These steps prompted Kim Jong Il to send his second in command, Vice Marshal Jo Myong Rok, to Washington on October 9, 2000. A joint communique issued on October 12 read, “neither government would have hostile intent toward the other.” In plain English, we are not enemies. This declared end to enmity opened the way to a missile deal and conventional force talks — once a missile deal is concluded and faithfully implemented. Within two weeks, Secretary of State Madeleine Albright went to Pyongyang and became the first U.S. official to meet with Kim Jong Il. In their talks, Kim offered to end exports of all missile technology, including under existing contracts, and to freeze testing, production, and deployment of all missiles with a range of 500 kilometers. That covered the No Dong, Taepo Dong I and II, and, arguably, the SCUD-C. In return, the United States offered to arrange for two or three satellite launches a year. The North said it would accept compensation in kind, not cash, for revenue forgone by halting its missile exports. Though it did not say so, Washington was prepared to arrange for $200-300 million a year in investment and aid.
To turn the freeze into a verifiable ban, significant issues remained to be explored and resolved: “elimination” of North Korea’s missiles, on-site monitoring to verify the cessation of missile production and deployment — what negotiators called “transparency” and “confidence-building measures on missiles” — and extending the freeze to all missiles capable of a range over 300 kilometers, the Missile Technology Control Regime standard.

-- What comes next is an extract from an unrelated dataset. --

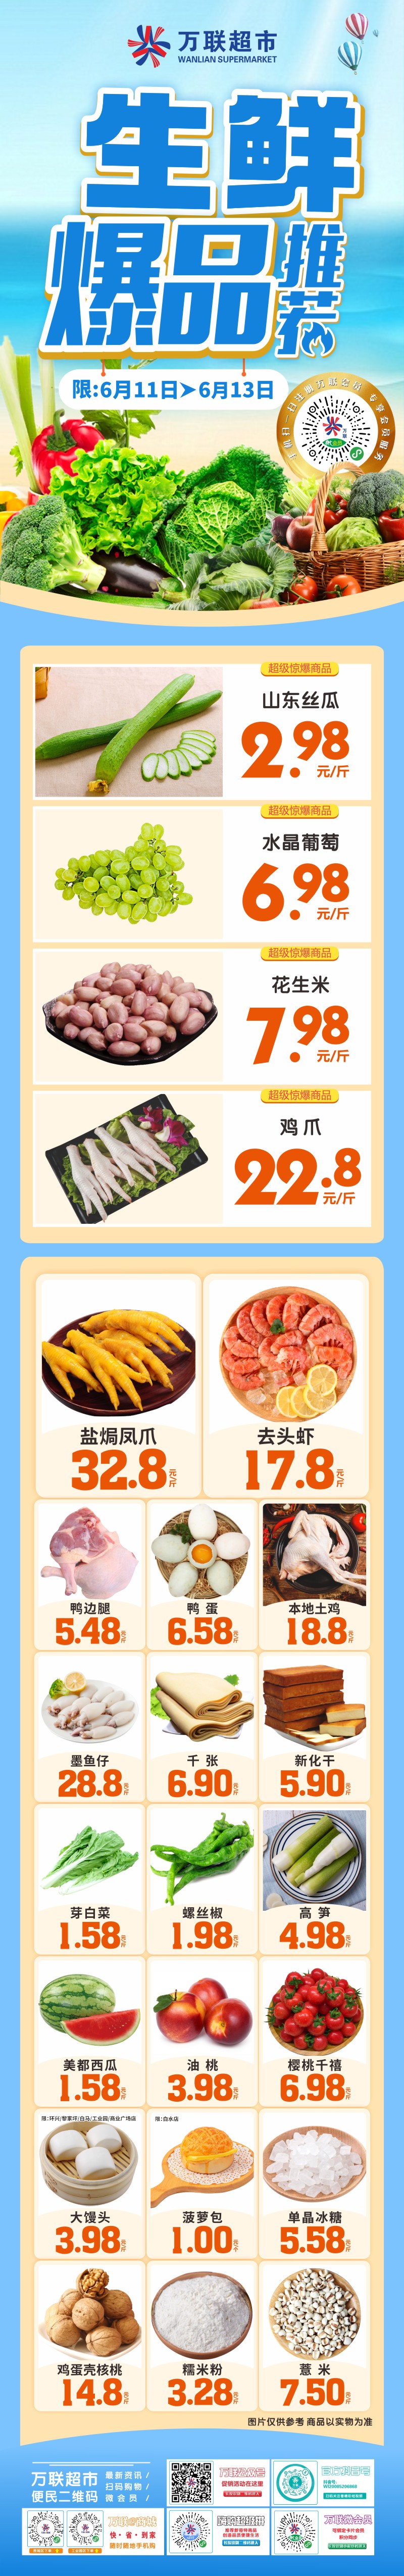 【万联超市】生鲜爆品推荐，山东丝瓜2.98元/斤，水晶葡萄6.98元/斤，鸡爪22.8元/斤，
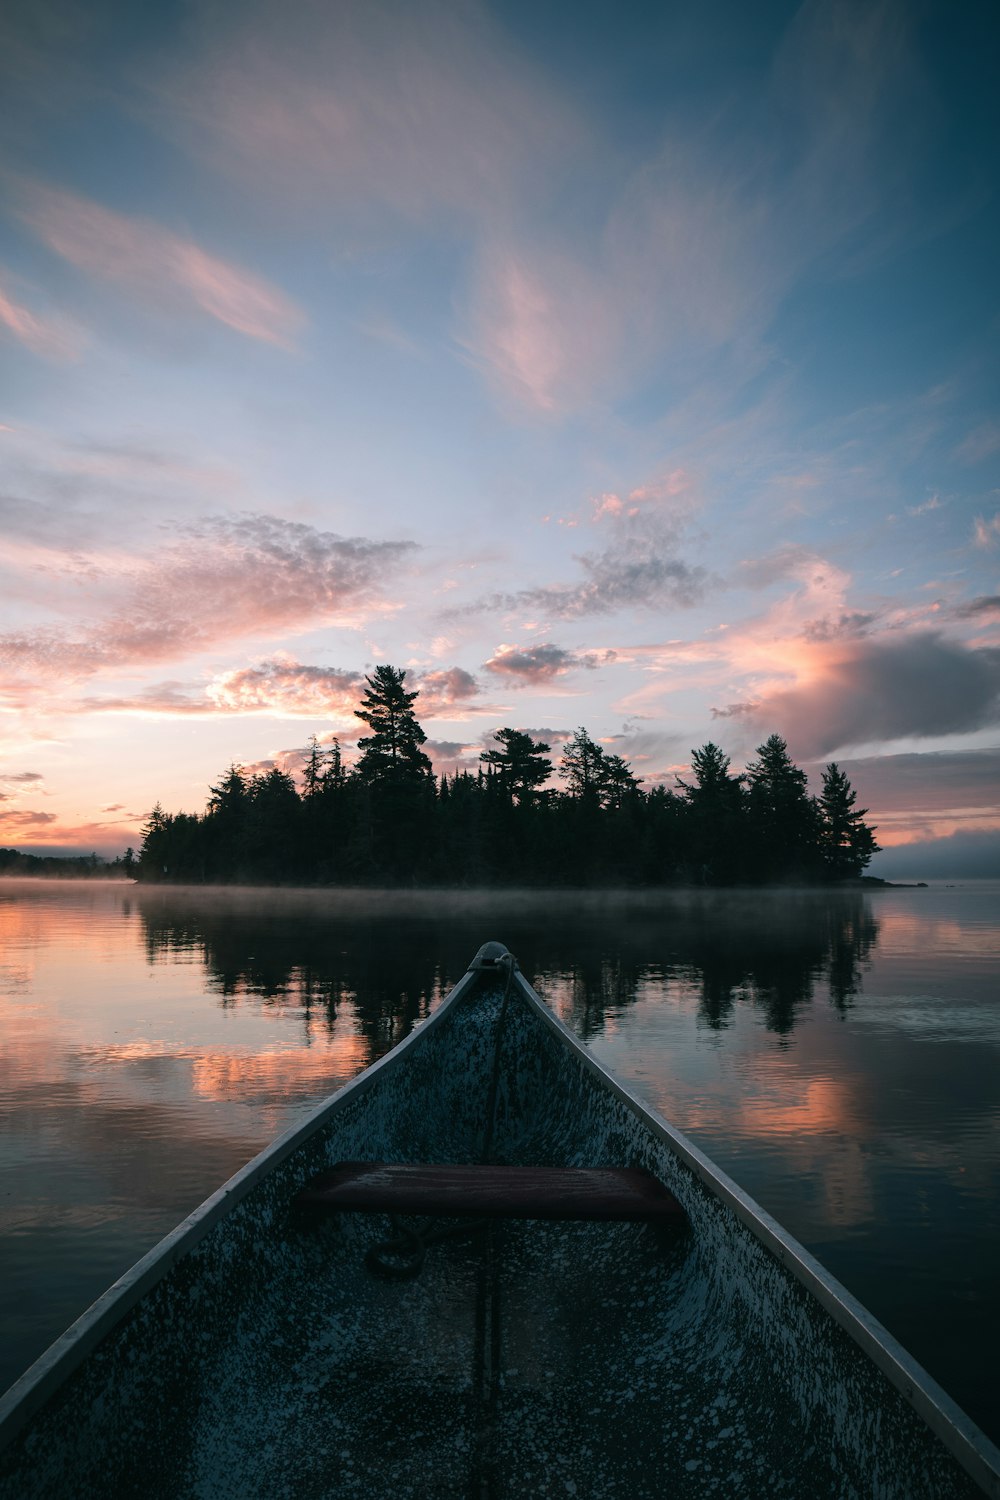 brown canoe on lake during sunset

The October 12 joint communique had alluded to a way to verify the accord. “The sides agreed on the desirability of greater transparency in carrying out their respective obligations under the Agreed Framework,” it reads. “In this regard, they noted the value of the access which removed U.S. concerns about the underground site at Kumchang-ni.” North Korea had allowed U.S. inspectors to visit the site twice and even had proposed permanent monitoring at the site in the form of a joint venture. Such transparency is needed not only at other suspect nuclear sites in the North, but also for verification of a missile ban.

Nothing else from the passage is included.